Researchers at the Technical University of Munich have developed a 3D printed facade that combines design and function.
Among other features, a well-designed facade should provide a building with proper ventilation, insulation, and shading. Modern facades do so by incorporating more and more electrical and mechanical devices, which control components according to external and internal conditions.
Meanwhile, researchers at the Technical University of Munich (TUM) are taking a different approach. Using state-of-the-art design concepts and 3D printing, they’ve created a structure that provides all of those features automatically.
The demonstrated element is a 100 x 60 cm sheet of translucent plastic with an intricate pattern. While light penetrates the plastic, its overlapping waves allow just the right amount of air to travel from one side to another.
The team behind the structure’s implementation is headed by Moritz Mungenast, research fellow at the Associate Professorship of Architectural Design and Building Envelope at TUM. He elaborates on the design:
“Cells inside the element provide stability while at the same time creating air-filled cavities for optimum insulation. […] And the micro-structured surface provides for perfect acoustics. All these functions are scalable and can be adapted to accommodate individual requirements at no extra cost.”
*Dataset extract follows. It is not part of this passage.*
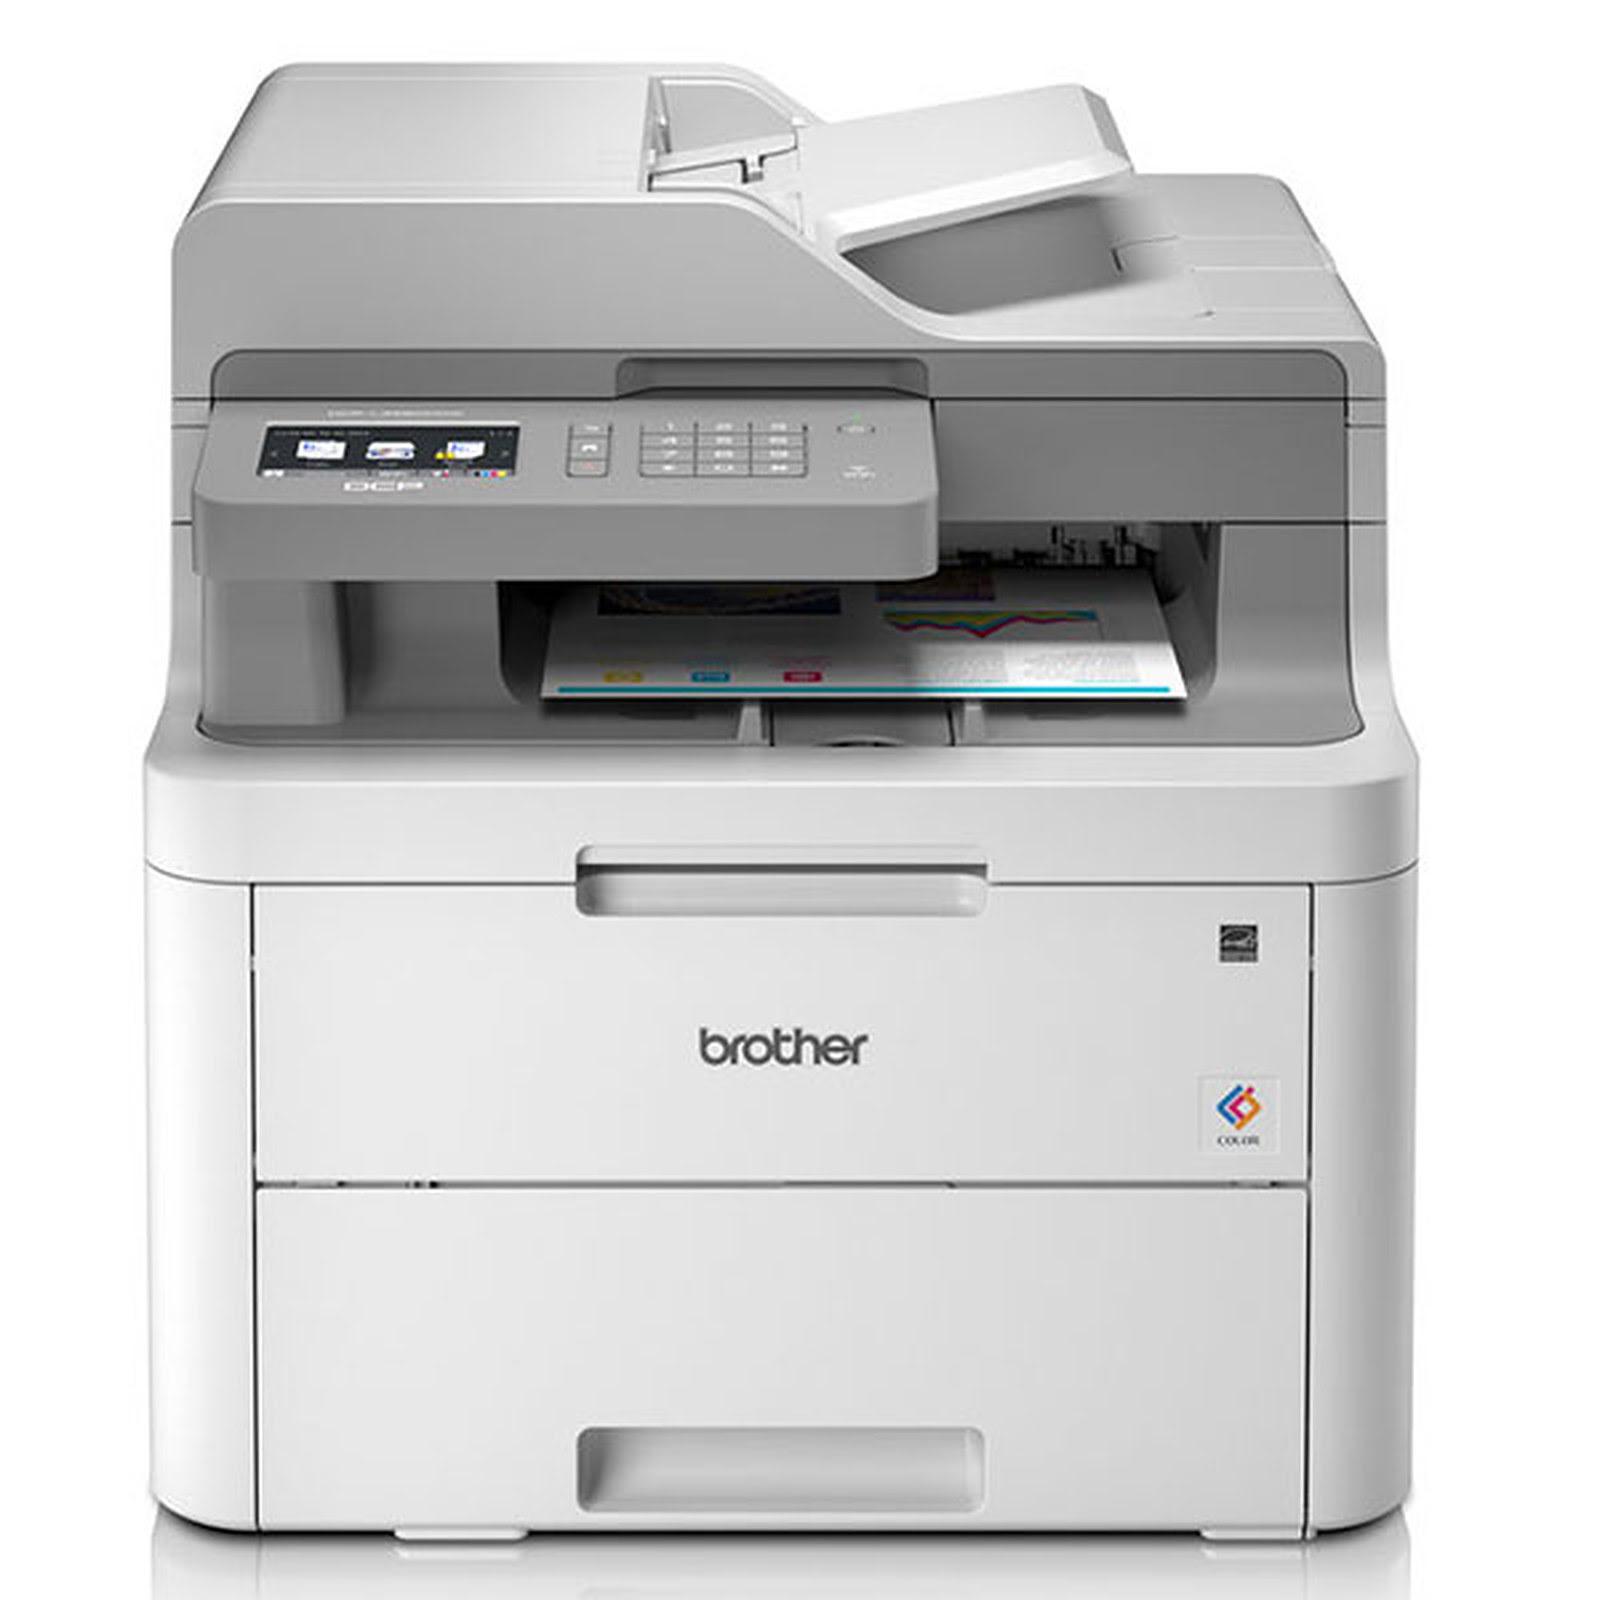 Imprimante multifonction Brother DCP-L3550CDW - Cybertek.fr - 0

Architecture Advances Thanks to 3D Printing
As Mungenast puts it, the facade’s “design and function are closely interdependent.” In other words, on top its many practical features, it looks great, too.
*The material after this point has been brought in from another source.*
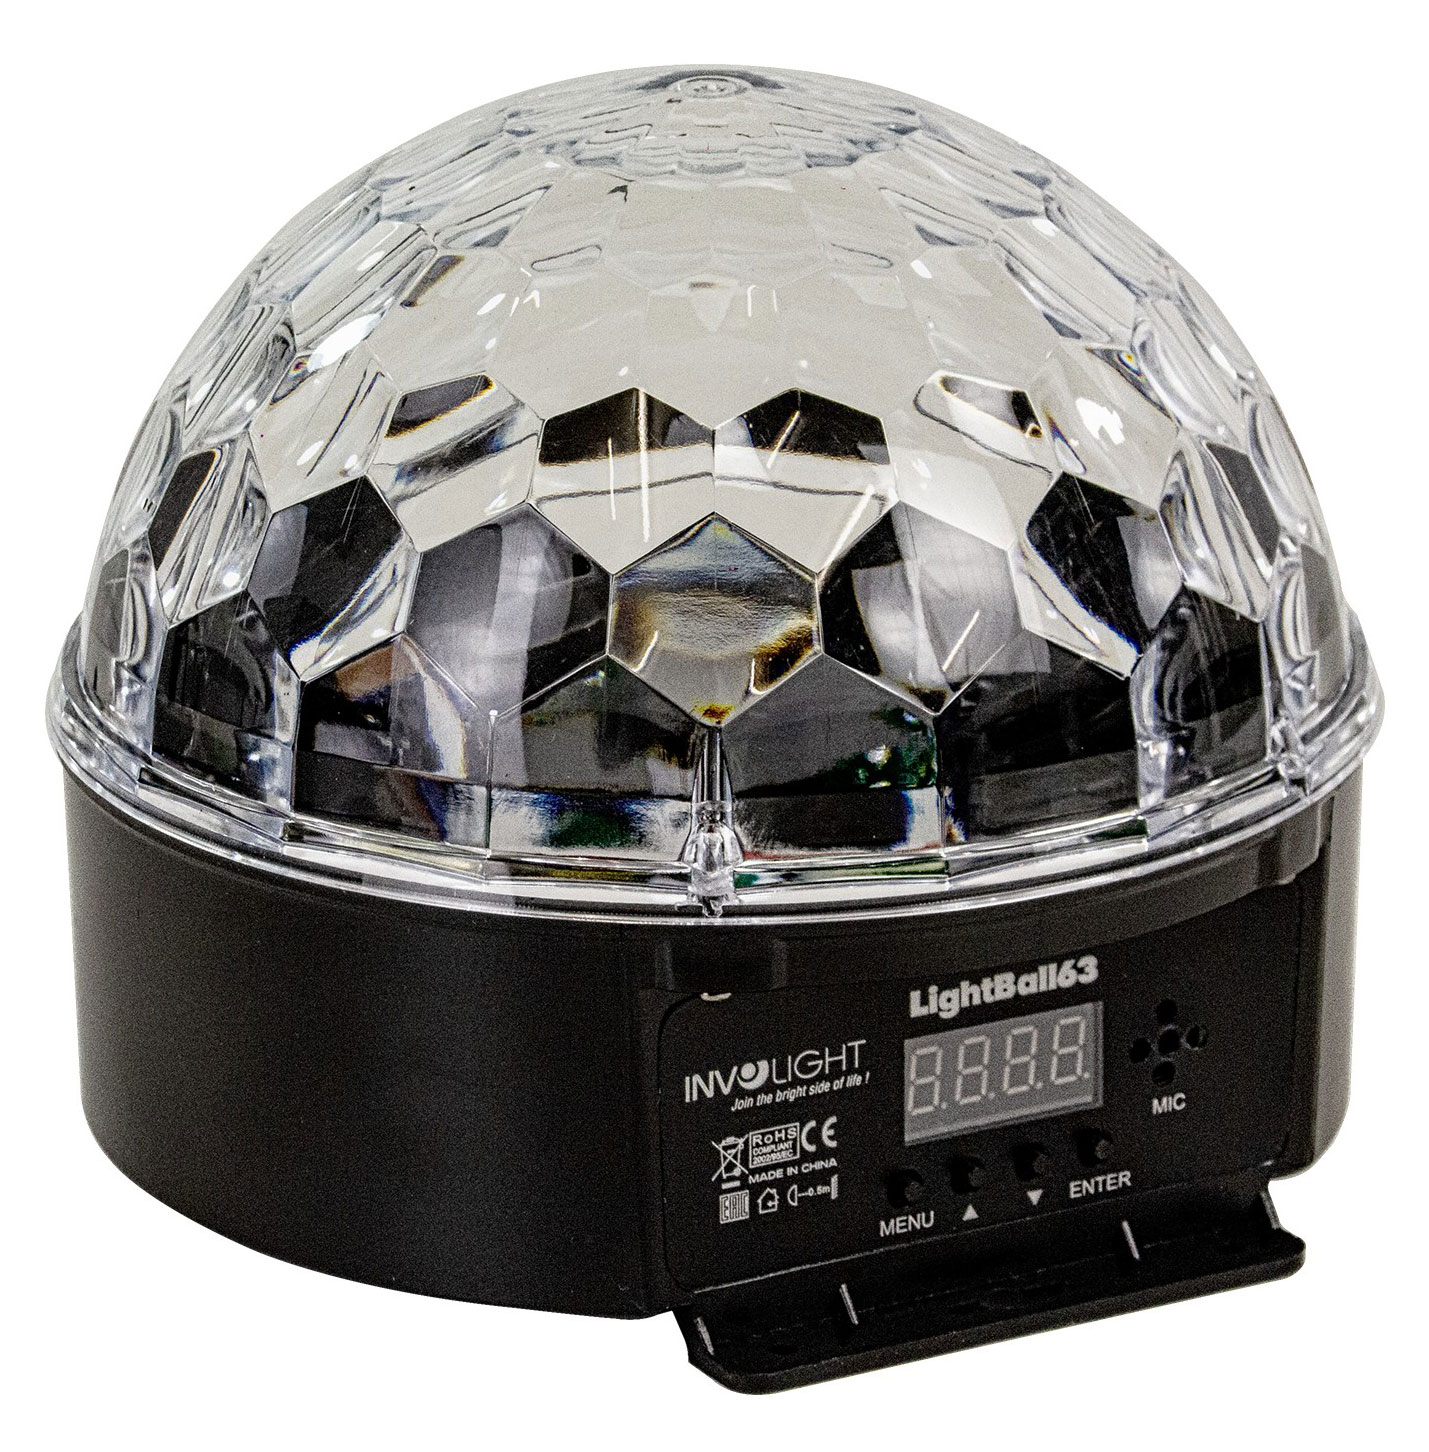 Lichteffekte - Involight LightBall63 - Onlineshop Musikhaus Kirstein

However, the 3D printed facade doesn’t yet envelop a building, so the team can only imagine what that might look like. So far, they see an “airy veil” with waves mimicking the ripples caused by a stone dropped in a pond.
Mungenast predicts that the facade will be useful in such projects as museums, libraries, or shopping centers. “Special solutions are called for here in particular, and it doesn’t matter at all that the plastic facades from the 3D printer aren’t completely transparent like glass panes, but rather translucent.”
However, well before that happens, the team must first test the design to see how it fairs against weather effects. That’s the reason for the testing installation atop TUM’s main building at Acrisstrasse. Over the course of the next year, its sensors will continue to collect valuable data for the researchers.